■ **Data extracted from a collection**
*** Block opens ***
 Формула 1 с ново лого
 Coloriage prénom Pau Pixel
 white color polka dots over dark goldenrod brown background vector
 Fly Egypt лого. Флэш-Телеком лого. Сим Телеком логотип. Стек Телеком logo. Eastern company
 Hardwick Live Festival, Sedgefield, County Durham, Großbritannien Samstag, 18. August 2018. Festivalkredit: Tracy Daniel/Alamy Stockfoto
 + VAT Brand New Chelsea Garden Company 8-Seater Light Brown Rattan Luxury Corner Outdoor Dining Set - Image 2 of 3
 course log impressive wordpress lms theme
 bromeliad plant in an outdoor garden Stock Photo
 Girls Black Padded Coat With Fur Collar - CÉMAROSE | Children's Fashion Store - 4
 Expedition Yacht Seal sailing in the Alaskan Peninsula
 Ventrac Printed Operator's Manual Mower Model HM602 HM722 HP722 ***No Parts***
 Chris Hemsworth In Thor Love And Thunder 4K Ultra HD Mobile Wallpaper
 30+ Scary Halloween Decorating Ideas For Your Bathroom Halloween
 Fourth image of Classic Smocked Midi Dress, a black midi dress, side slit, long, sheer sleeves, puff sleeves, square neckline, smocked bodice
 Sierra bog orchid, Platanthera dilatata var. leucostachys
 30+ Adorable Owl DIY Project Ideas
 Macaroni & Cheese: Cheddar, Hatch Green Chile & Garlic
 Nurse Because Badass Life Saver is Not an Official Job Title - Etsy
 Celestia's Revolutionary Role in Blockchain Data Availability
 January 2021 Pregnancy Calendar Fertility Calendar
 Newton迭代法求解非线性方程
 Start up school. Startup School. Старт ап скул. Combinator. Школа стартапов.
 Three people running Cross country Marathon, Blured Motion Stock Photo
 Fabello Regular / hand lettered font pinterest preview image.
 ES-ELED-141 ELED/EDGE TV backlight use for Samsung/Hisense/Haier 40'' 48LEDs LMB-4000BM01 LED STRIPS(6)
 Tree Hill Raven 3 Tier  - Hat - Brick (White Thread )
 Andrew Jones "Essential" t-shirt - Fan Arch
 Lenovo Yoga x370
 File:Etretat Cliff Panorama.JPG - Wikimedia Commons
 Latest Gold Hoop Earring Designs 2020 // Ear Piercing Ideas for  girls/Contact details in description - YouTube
*** Block closes ***
■ **WORK TO COMPLETE**
Using only the data above, copy out the lines that include the word "лого".

■ **RESULT OF THIS TASK**
 Формула 1 с ново лого
 Fly Egypt лого. Флэш-Телеком лого. Сим Телеком логотип. Стек Телеком logo. Eastern company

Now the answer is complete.